CONCLUDING REMARKS
In my judgment, the results of the statistical analysis of the interview data, although mixed, offer sufficient support of the basic hypotheses to warrant their retention. In this final chapter I would like to go beyond the results, narrowly defined, and consider some of the reasoning underlying this study and some of the possible implications of the interpretation presented here and, finally, to comment briefly on the methodological position I have taken.
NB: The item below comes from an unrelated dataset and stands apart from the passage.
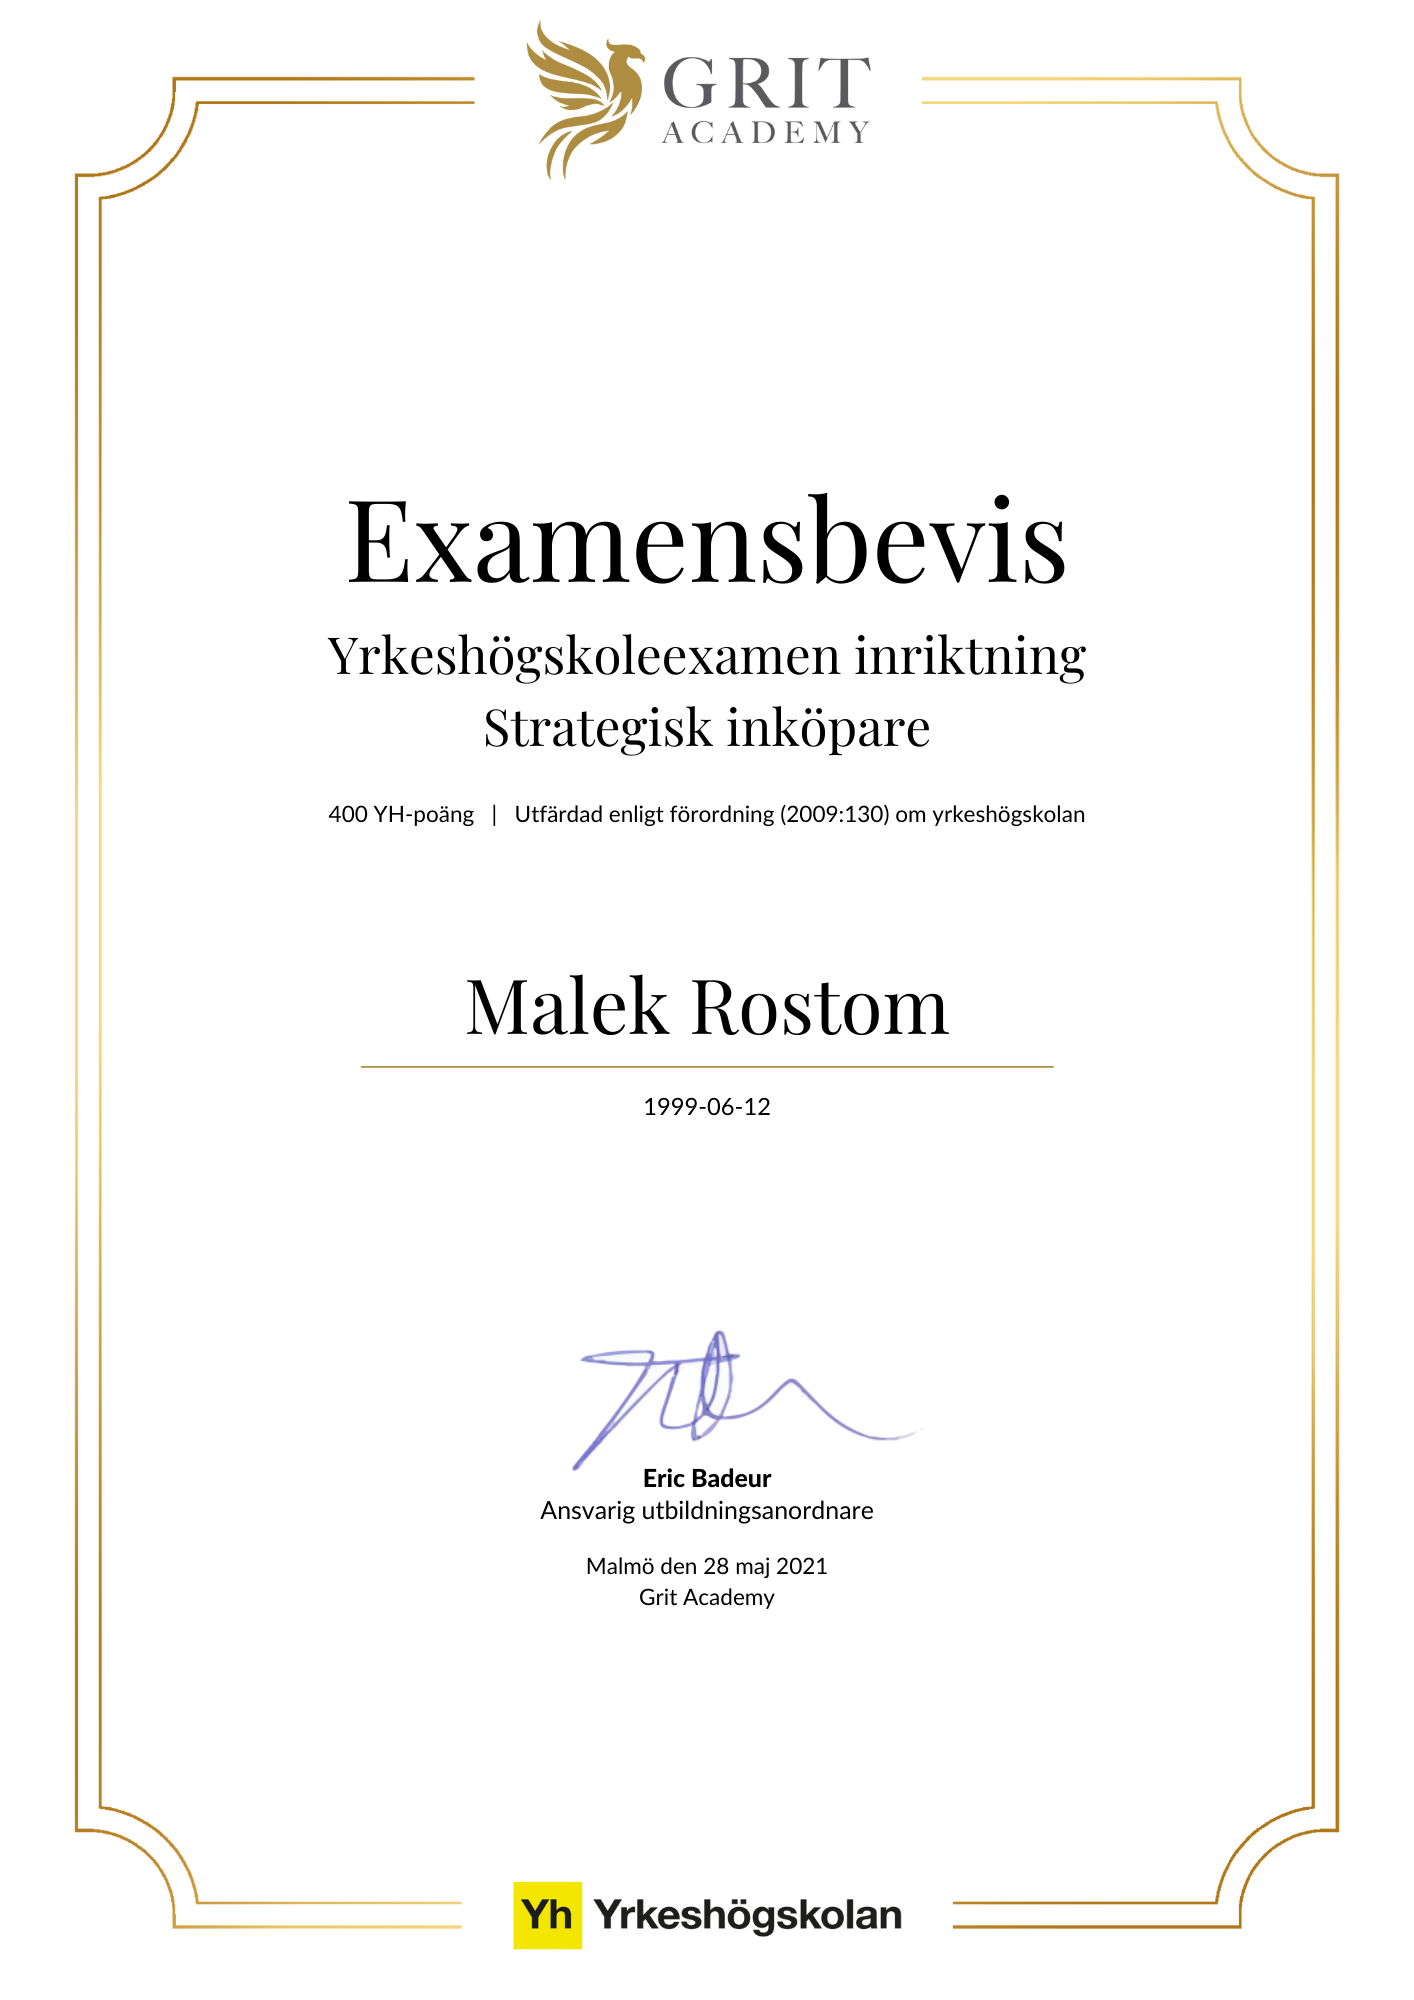 Examensbevis Malek Rostom - 1

Secondly, I find it impossible to treat cultural processes as phenomena that can be understood without a consideration of individual psychological processes. Cultural patterns must be learned within the context of the life cycle. This learning process, whatever the specific content involved, is limited by the dynamics of psychological development. Diachronically, learning is limited by the cumulative effects at each stage of psychological growth of the patterns of earlier stages. Personality, in these terms, can be defined as the basic persistent patterns in an individual's mental organization seen over time and across growth stages. Synchronically, the cultural patterns involved in this organization must have some minimal level of coherence if the individual is to interact with other members of the society in predictable and appropriate ways. Thus certain aspects of a cultural system are integrated not only on an ecological or sociological level but, quite literally, integrated in people's heads, and an explanation of the relationship between childhood experiences and adult behavior in the individual requires the use of personality variables as they develop during the individual's life. This is the familiar "personality as a mediating factor" approach (Whiting 1961).
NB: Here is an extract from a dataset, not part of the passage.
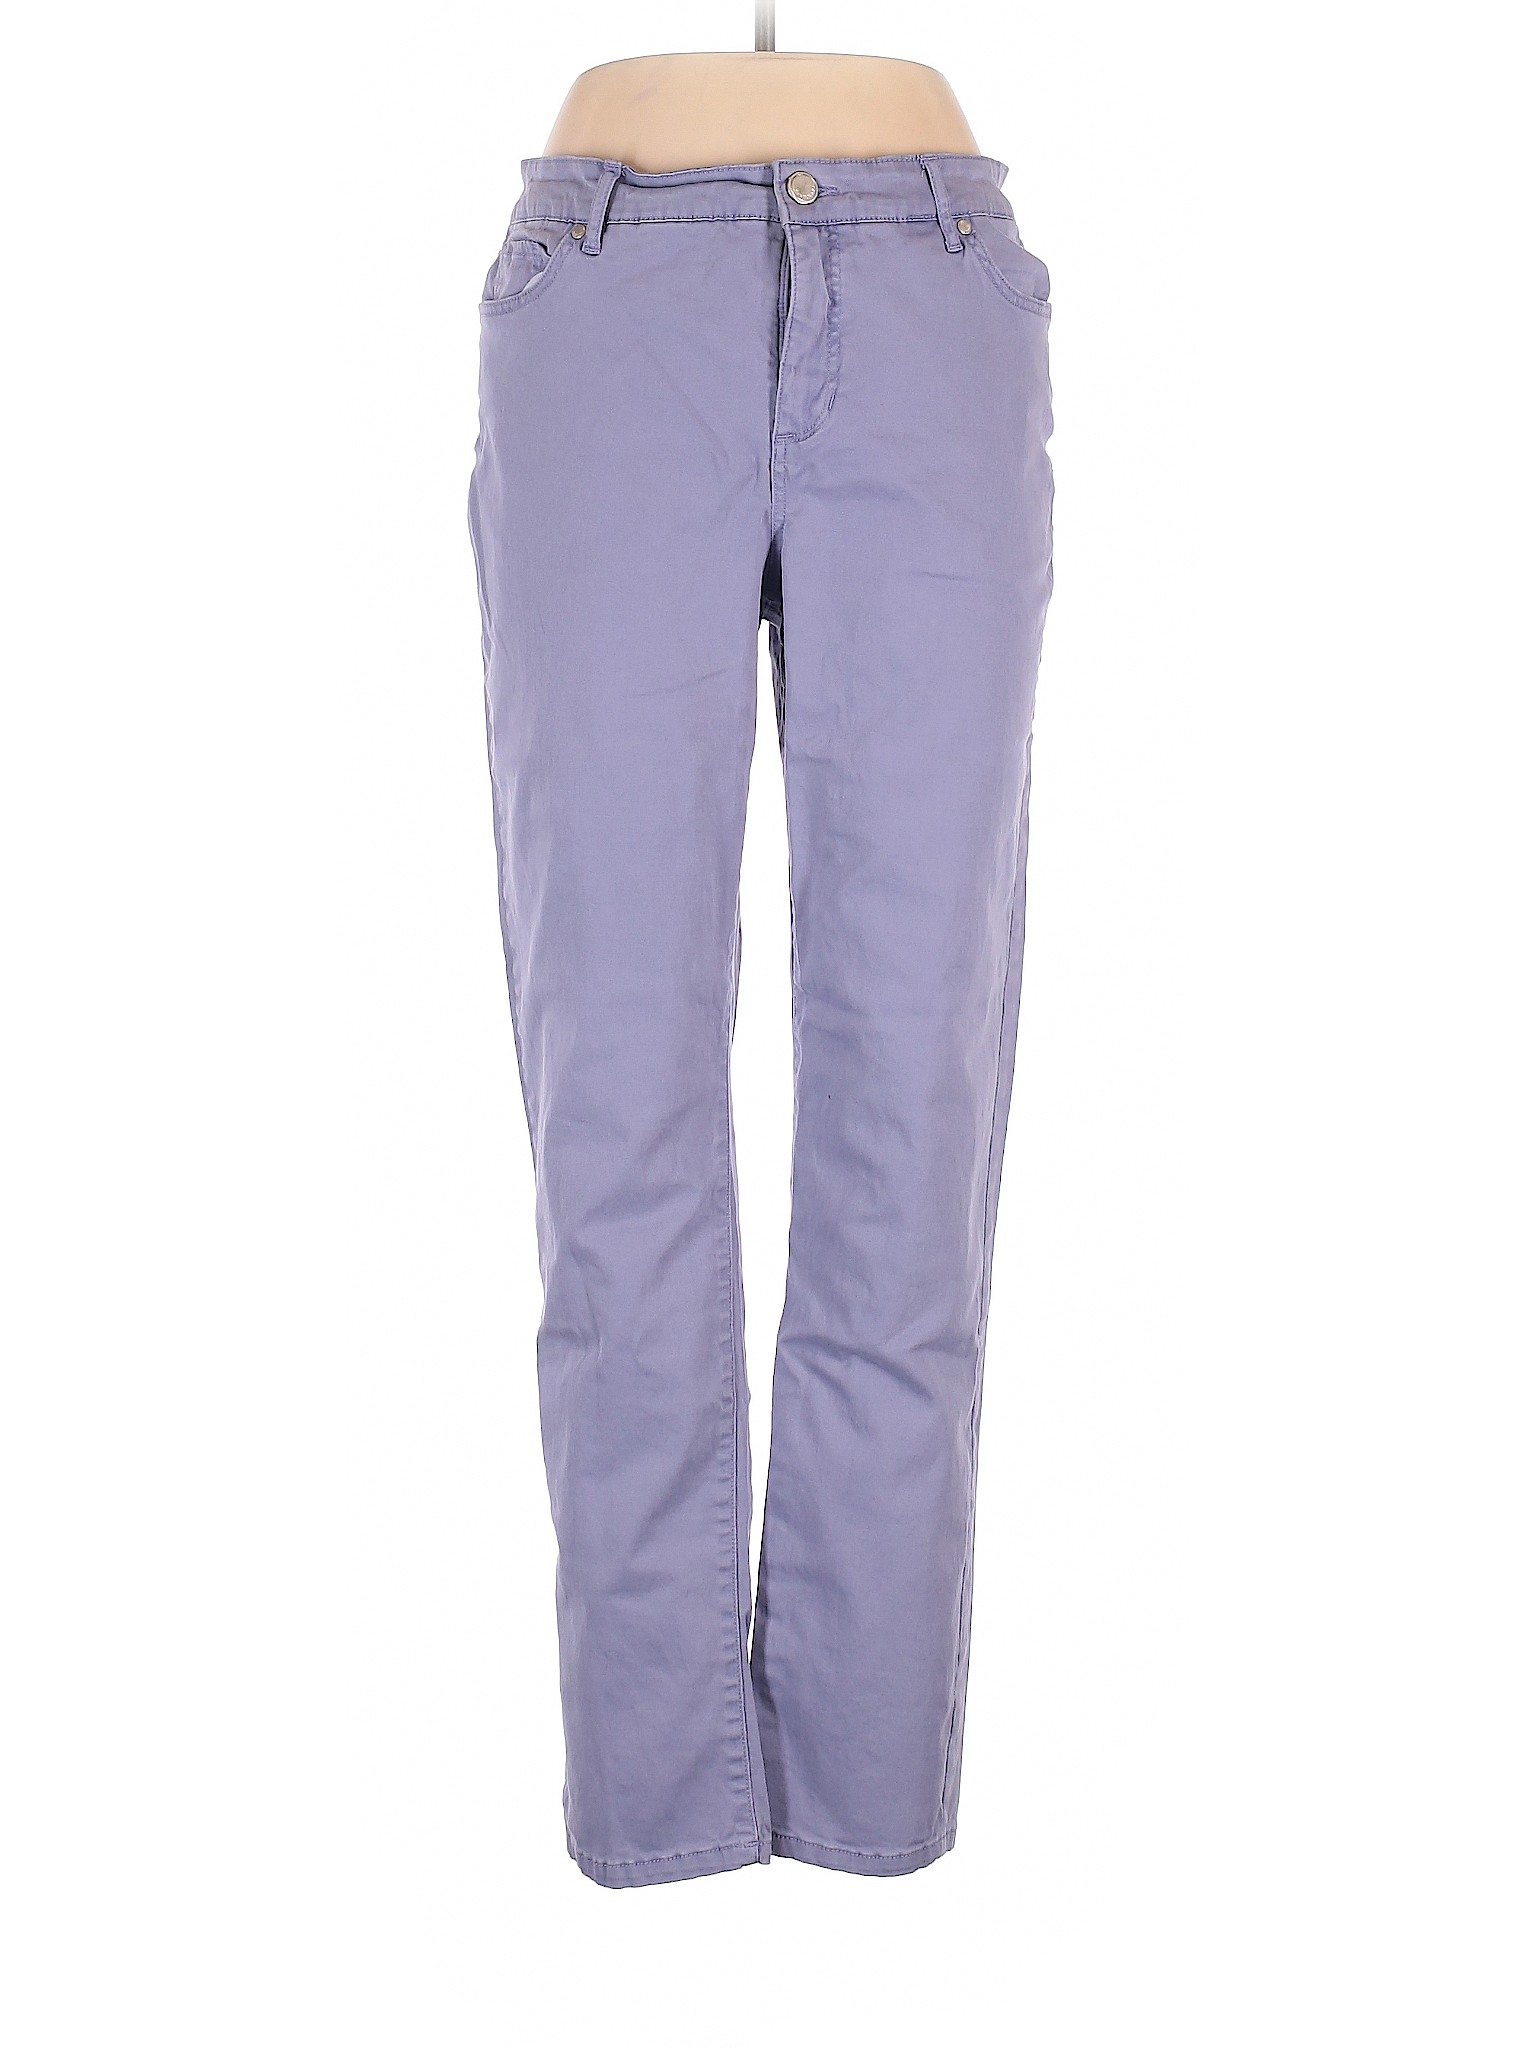 Bandolino Women Purple Jeans 12 | eBay

In this study I have tried to demonstrate a relationship between personality structure and the structure of group identity. Specifically, the central interpretation is that the typical Kipsigis male experiences include:
- being raised in a setting that involves many limitations on the extent and quality of father-son interaction,
- participating in initiation rites and daily patterns of social interaction that stress sex-role differences and demand overt compliance to a rather extreme model of manhood, and
- having thus been sensitized on a personal level to questions of sex identity, exhibiting a tendency to view others in these terms.
This interpretation implies that the importance given to relative masculinity in Kipsigis culture (and other similar cultures in Kenya) would appear rather extreme if compared to a representative sample of the world's societies. At present this can only be supported with impressionistic data; nonetheless I doubt if many observers familiar with the Kipsigis would disagree.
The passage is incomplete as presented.